I gave him mango, he ate one strip and then acted very offended that I fed it to him. Would not touch anything else.
So I made him some eggs. Took about 3 bites of the mess and then acted like I slapped him in the face.
ate 1 blueberry
So, while he has no problem eating these things since he'll take a few bites, he obviously really doesn't enjoy them and shows it very plainly.

He normally eats:
Raw salmon
Pinkies/fuzzies
horn worms

So, how do you deal with picky eaters? Should I just let him be a spoiled brat and feed him the food that he likes and wants? Or can you starve them until they eat what you offer them?
He seems willing to take one bite of anything I put in his food bowl, he's associated his bowl with food very well so he at least tries it. But more often than not he just rubs his face on the ground in disgust after he eats something I feed him that is not raw fish or live things.


----------



## Jake lerch (Aug 29, 2016)

Mine is the same way. She like frozen mice, raw meat, and boiled eggs. Fruit is a big no even if i mash it in the meat. She wont touch the meat then. How old is it and how often do you feed it? Also, what are your temp settings and hunidity control?


----------



## Ferdinand (Aug 29, 2016)

Temp is about 100f to 78f, humidity is normally around 65-70. He is probably around 3-4 months old, 14 inches right now. Feed him every day right now, sometimes I skip a day if he's looking fat or doesn't seem interested in food. about 6 times a week sounds right.

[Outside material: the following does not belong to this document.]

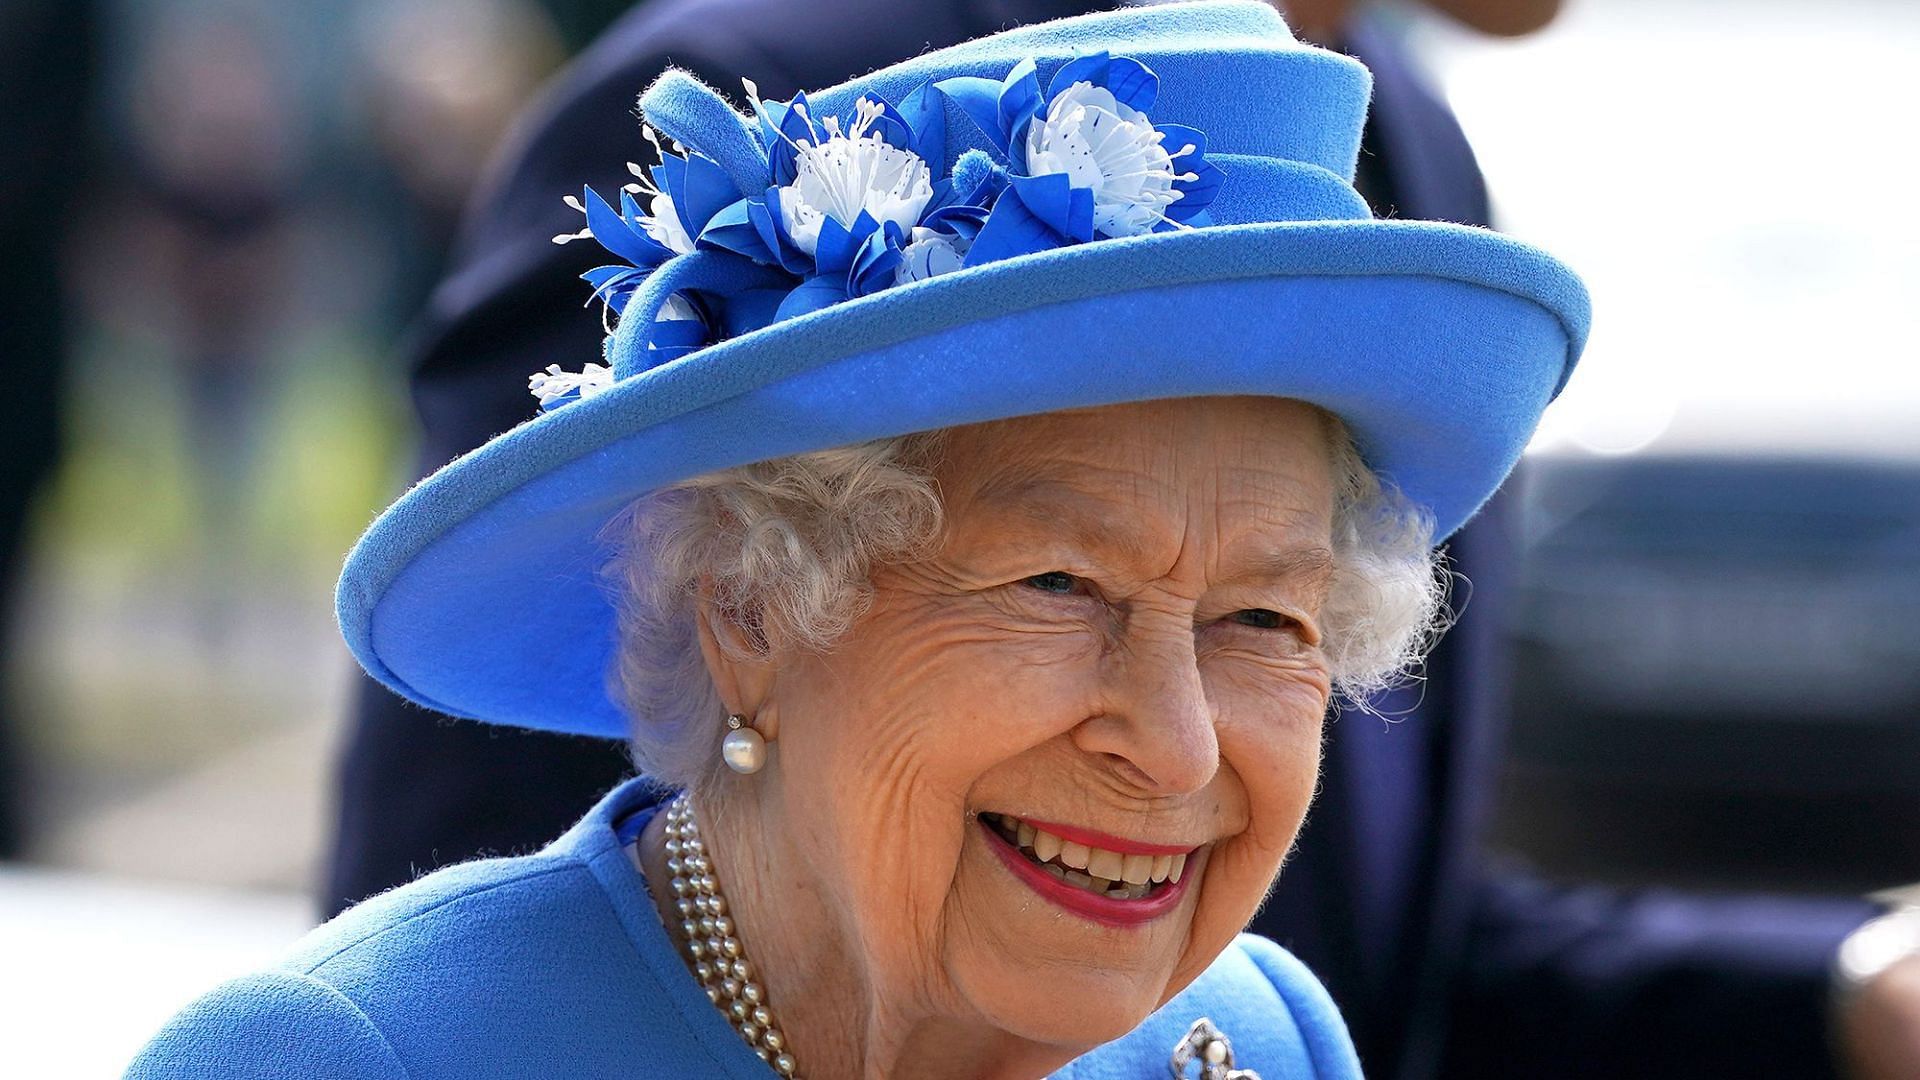 Queen Elizabeth II (Image via People)

Went out and got him some more horned worms today, since he was being pick last night. Tried again with eggs, mango, raw beef. Still excited enough to see his food bowl that he'll take a bite, but then rub his face all over rocks as if to tell me how disgusting it was and refuse to eat anymore.

I just wanted to see if anyone had any luck with feeding their tegu food that they didn't seem to enjoy, since everyone says I should vary his diet but right now he just won't eat anything but worms, pinkies and salmon.


----------



## Jake lerch (Aug 29, 2016)

Well mine is very picky and very healthy. Probably not much to worry about. The one fruit mine will eat is banana. There is monitor lizard food out there in cans. Or try wet dog food with veggies. Try soft boiling an egg and mashing it in whatever raw meat it will eat, with the shell.


----------